• _Work to be completed_:
Would you repeat the listing below verbatim and drop the images?

• _Data extract_:
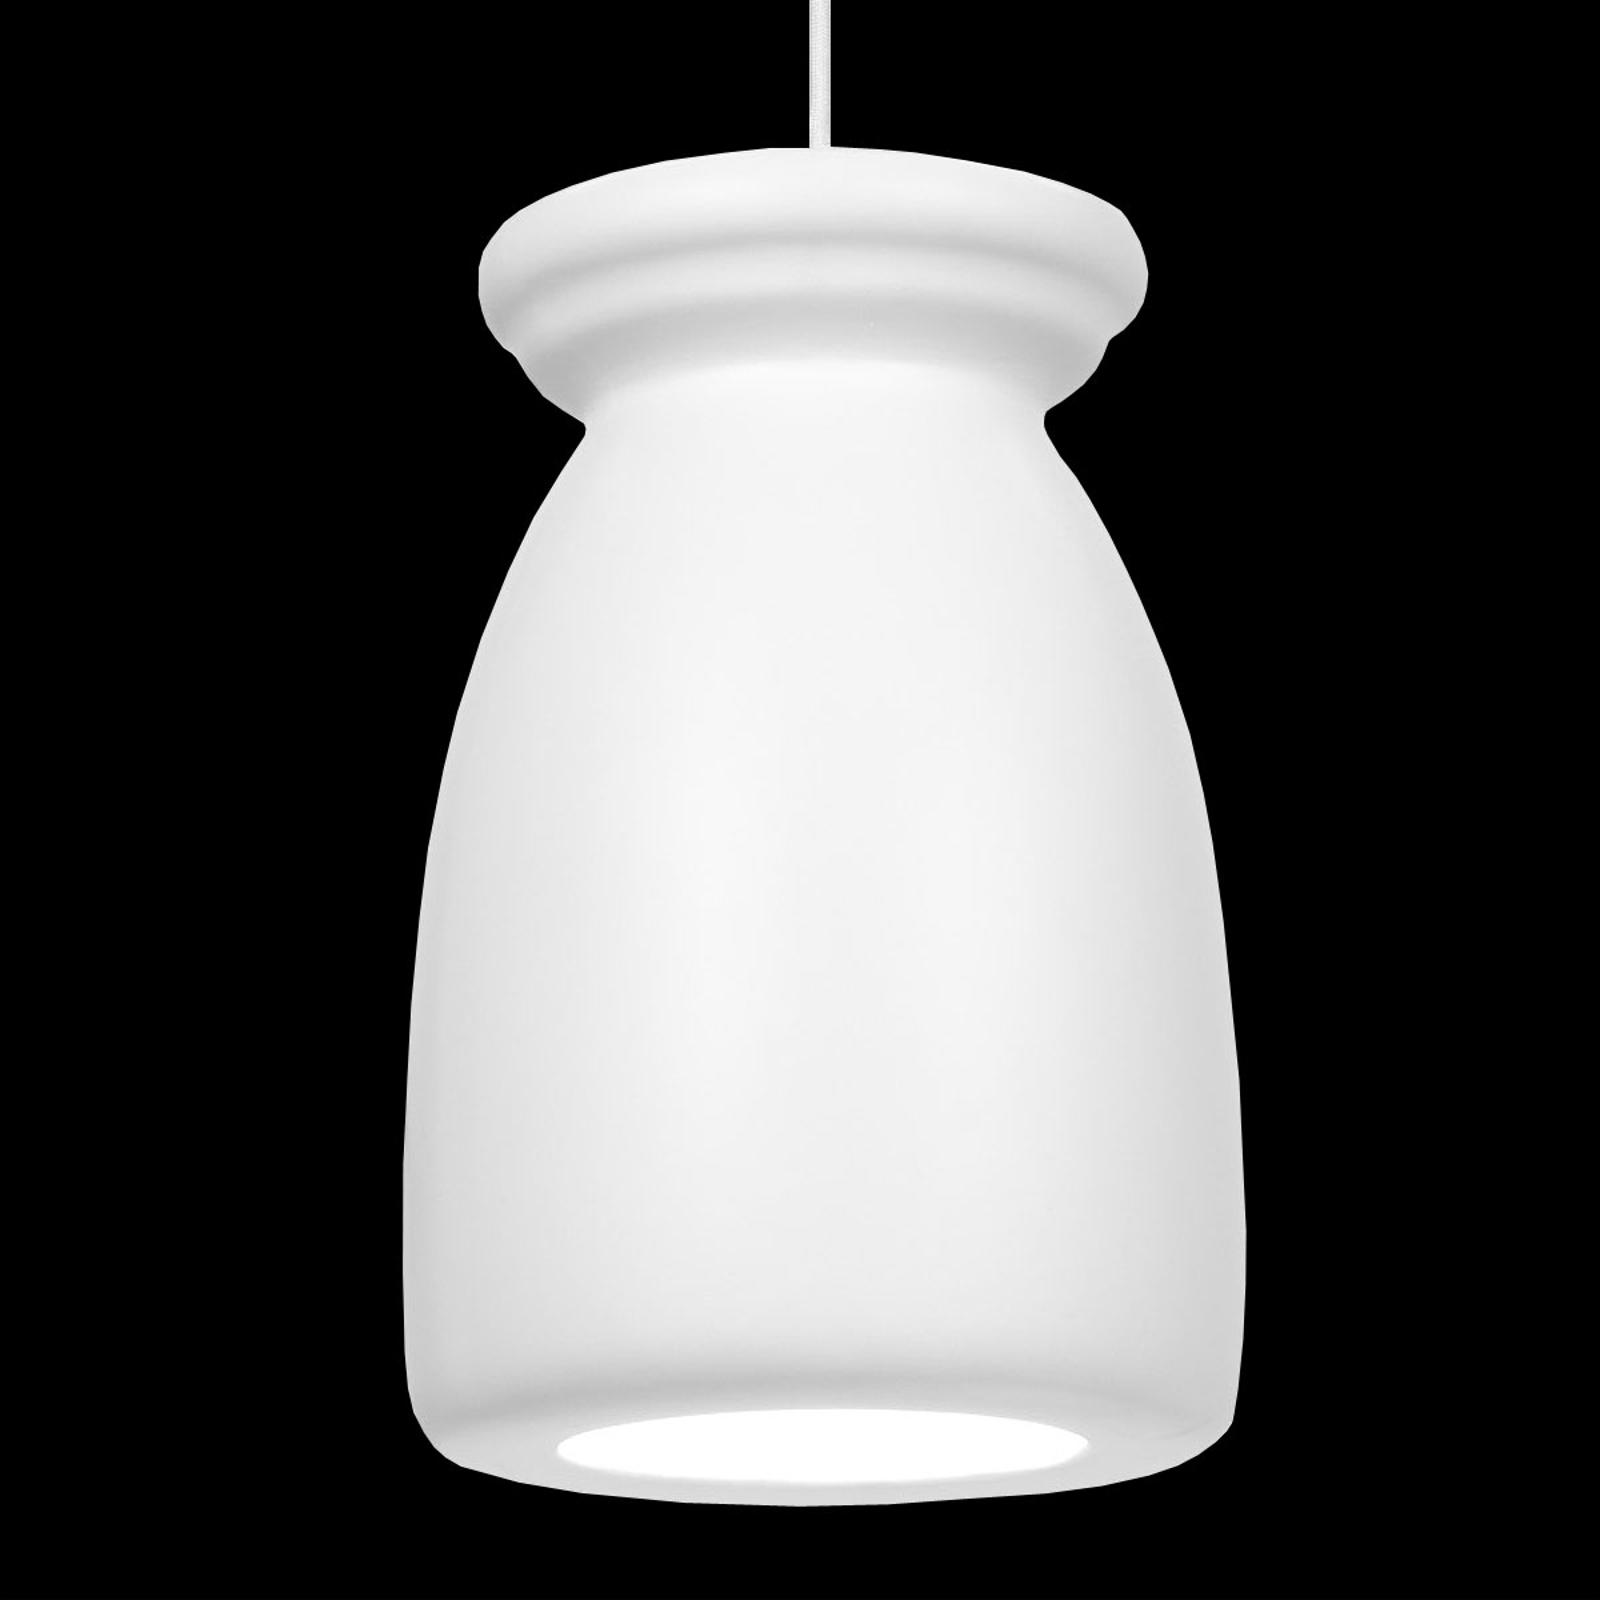 Falista lampa wisząca Biscuit jakość designerska
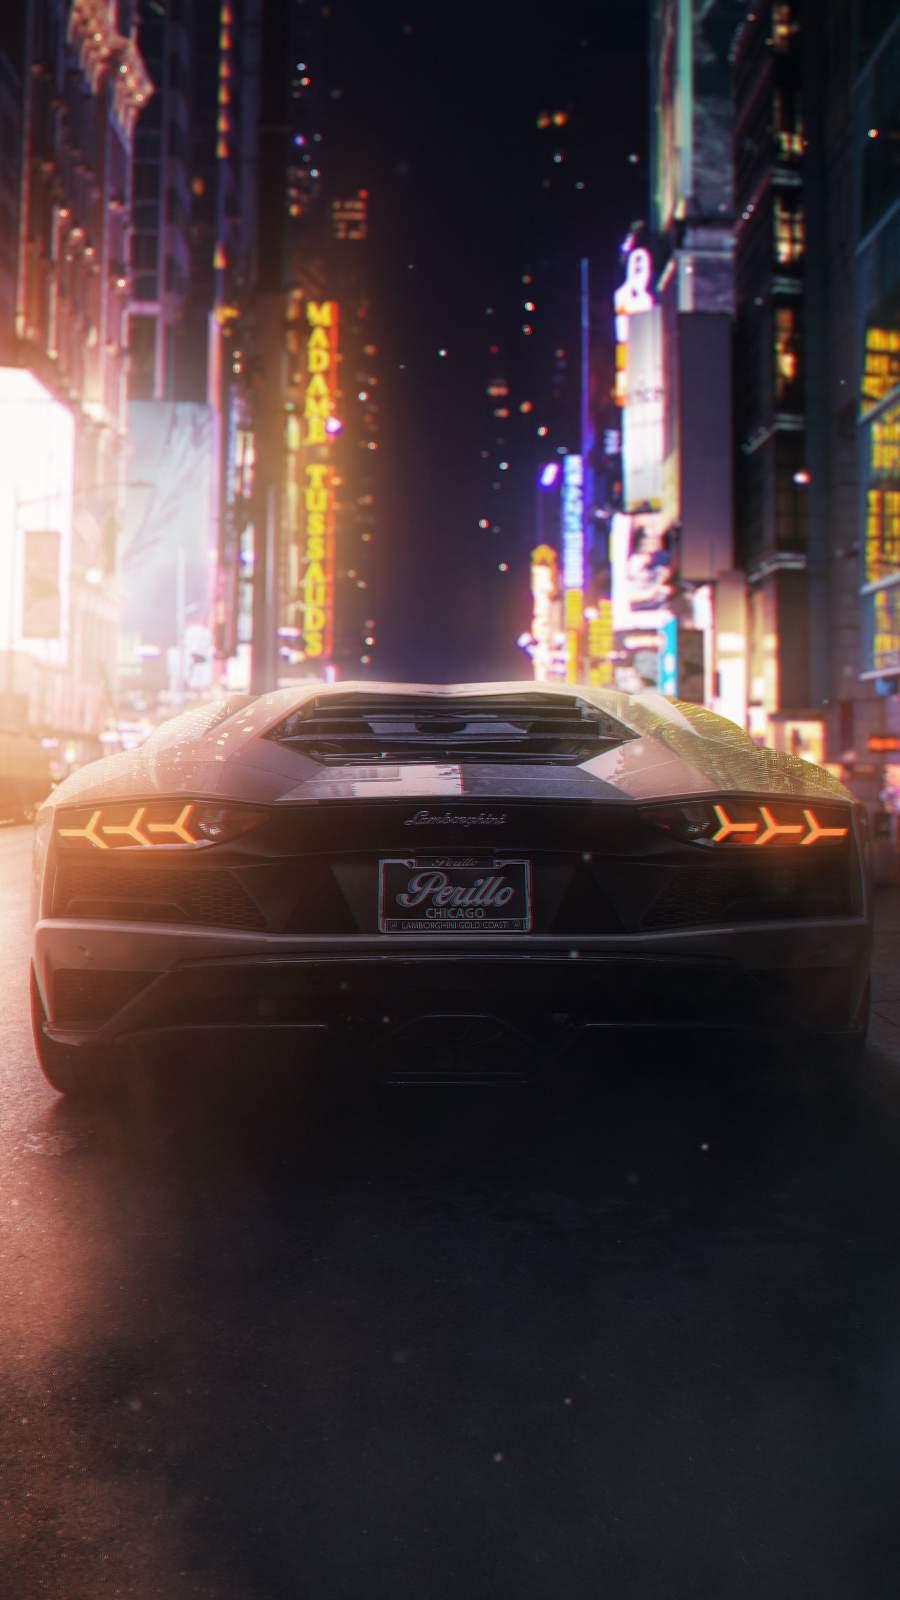 Lamborghini in Night iPhone Wallpaper
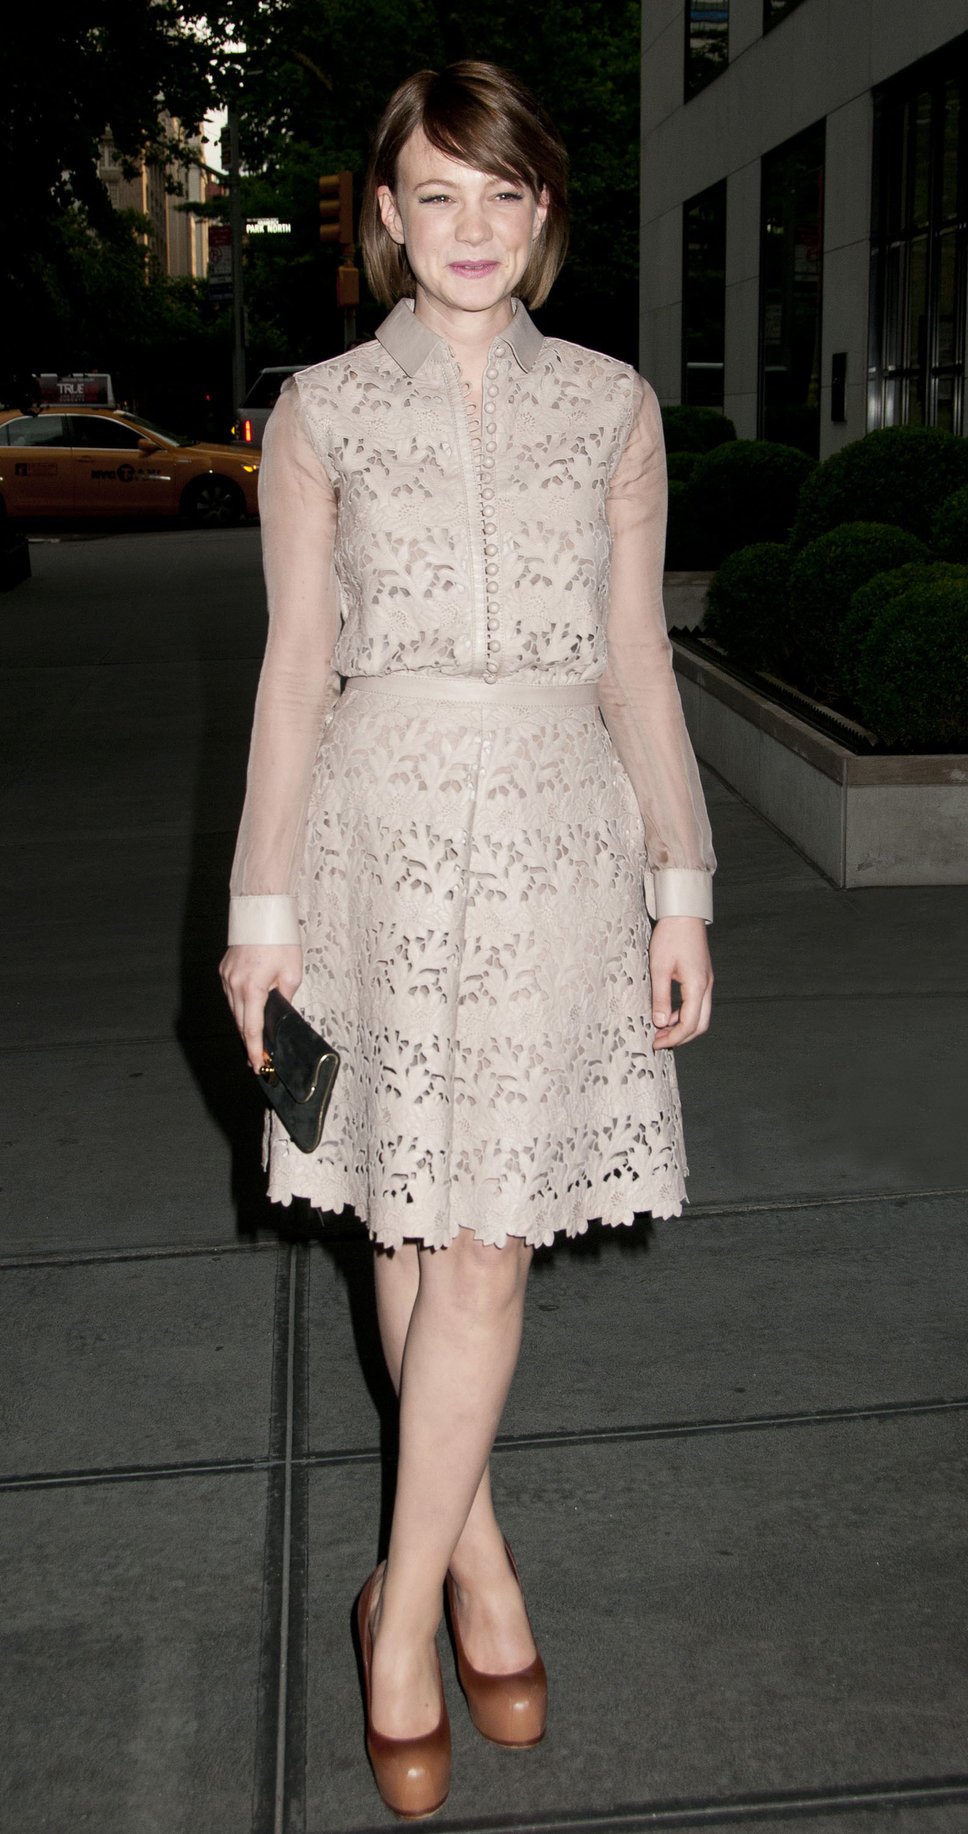 La mejor vestida de la semana Carey Mulligan | Estarguapas

• _Response box_:
 Falista lampa wisząca Biscuit jakość designerska
 Lamborghini in Night iPhone Wallpaper
 La mejor vestida de la semana Carey Mulligan | Estarguapas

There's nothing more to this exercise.